Transformers and NLP

The Transformer architecture has been a game-changer in the field of NLP. This neural network is now being used for all sorts of language modeling tasks like summarization or translation. This architecture, whose main components are self-attention layers, is excellent at learning to pick up how different parts of a sequence relate to each other. Basically, Transformers are great at connecting information within a tokenized sequence.

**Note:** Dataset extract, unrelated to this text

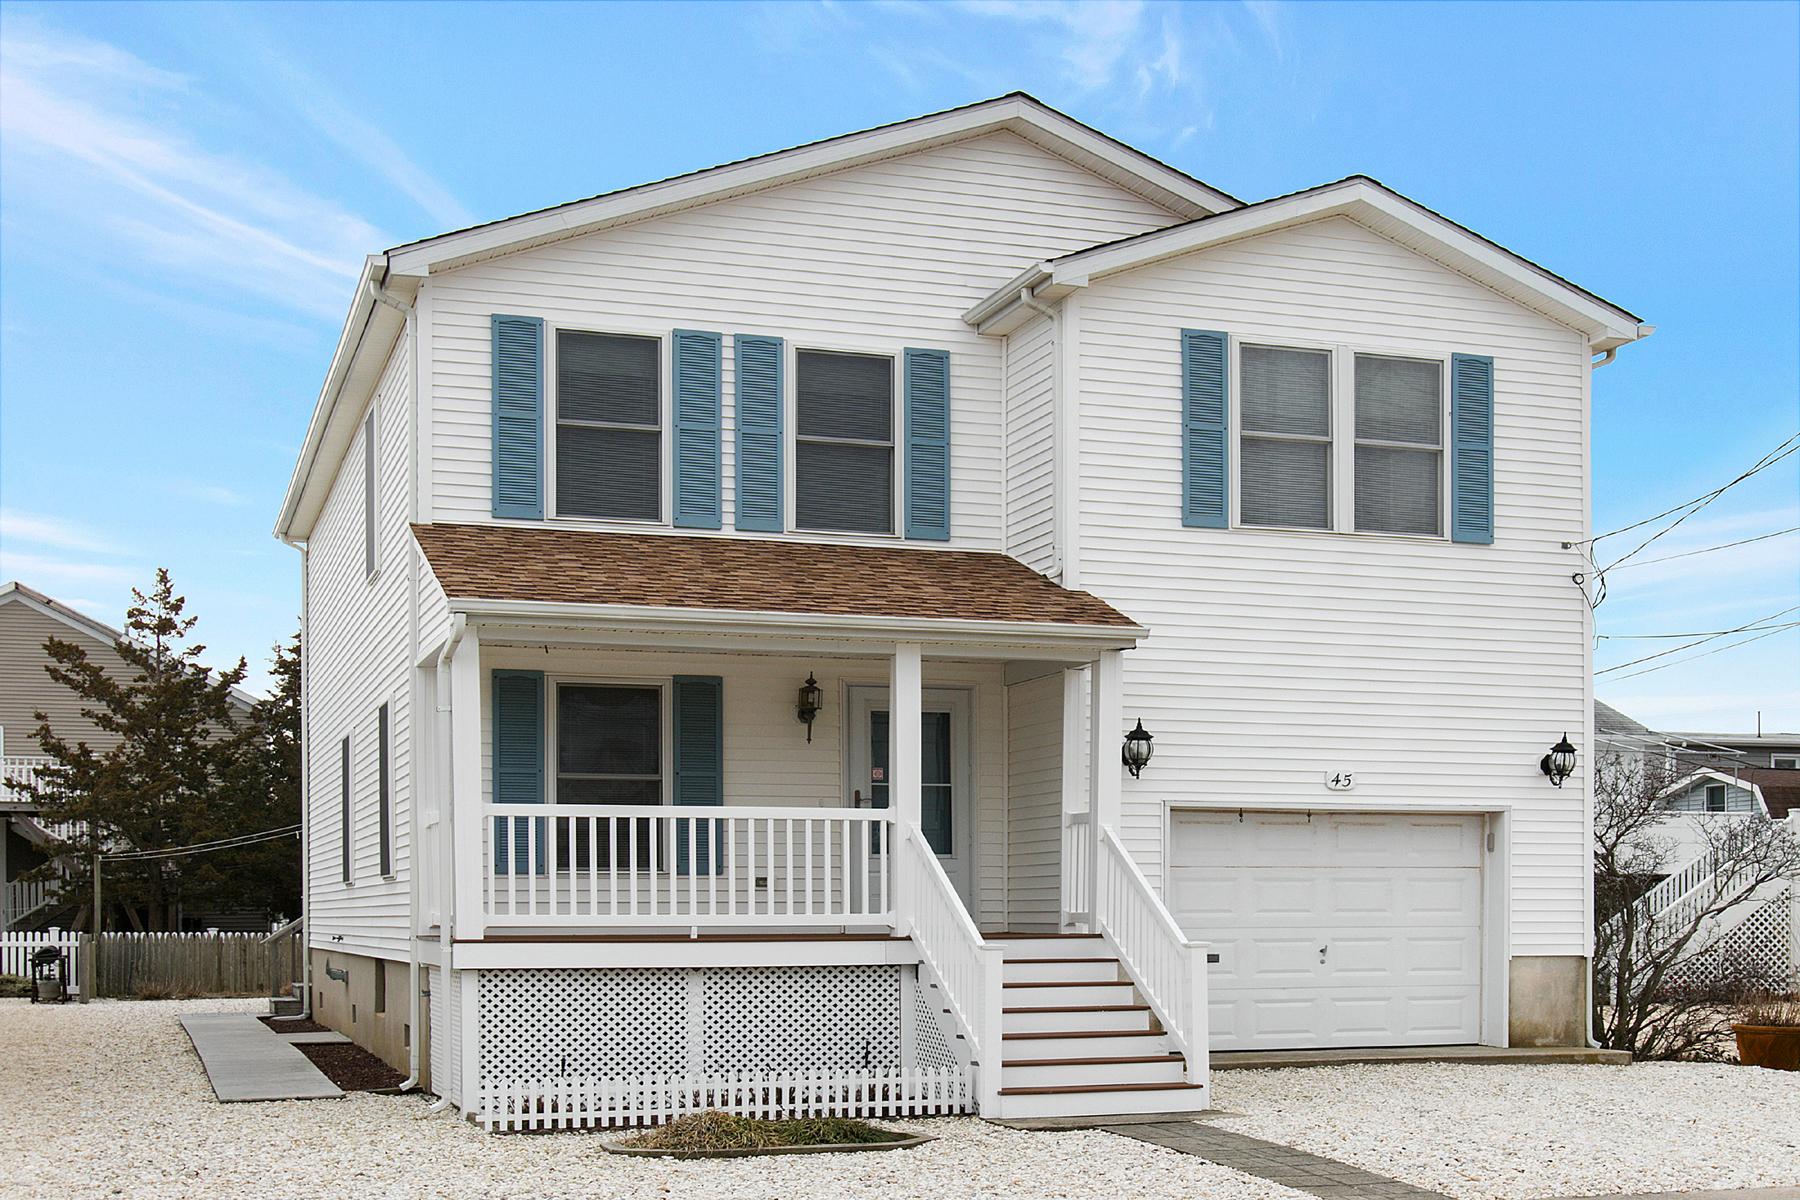 Maison unifamiliale pour l Vente à Immaculate Oceanblock Home 45 10th Avenue Seaside Park, New Jersey, 08752 États-Unis

Now, what makes the Transformer powerful is how adaptable it is. After turning data into a sequence of tokens, it can be used for plenty of scientific tasks. For instance in bioinformatics, where DNA sequences or proteins are naturally represented as sequences of nucleotides and amino acids, AlphaFold2 has revolutionized the field. This system accurately predicts the 3D structure of proteins, solving a major problem in biochemistry and making it one of the hottest tools in biology right now [1, 8].

As we will discuss further, this transformative approach is now being applied to the field of organic chemistry, opening up exciting new possibilities for research and discovery.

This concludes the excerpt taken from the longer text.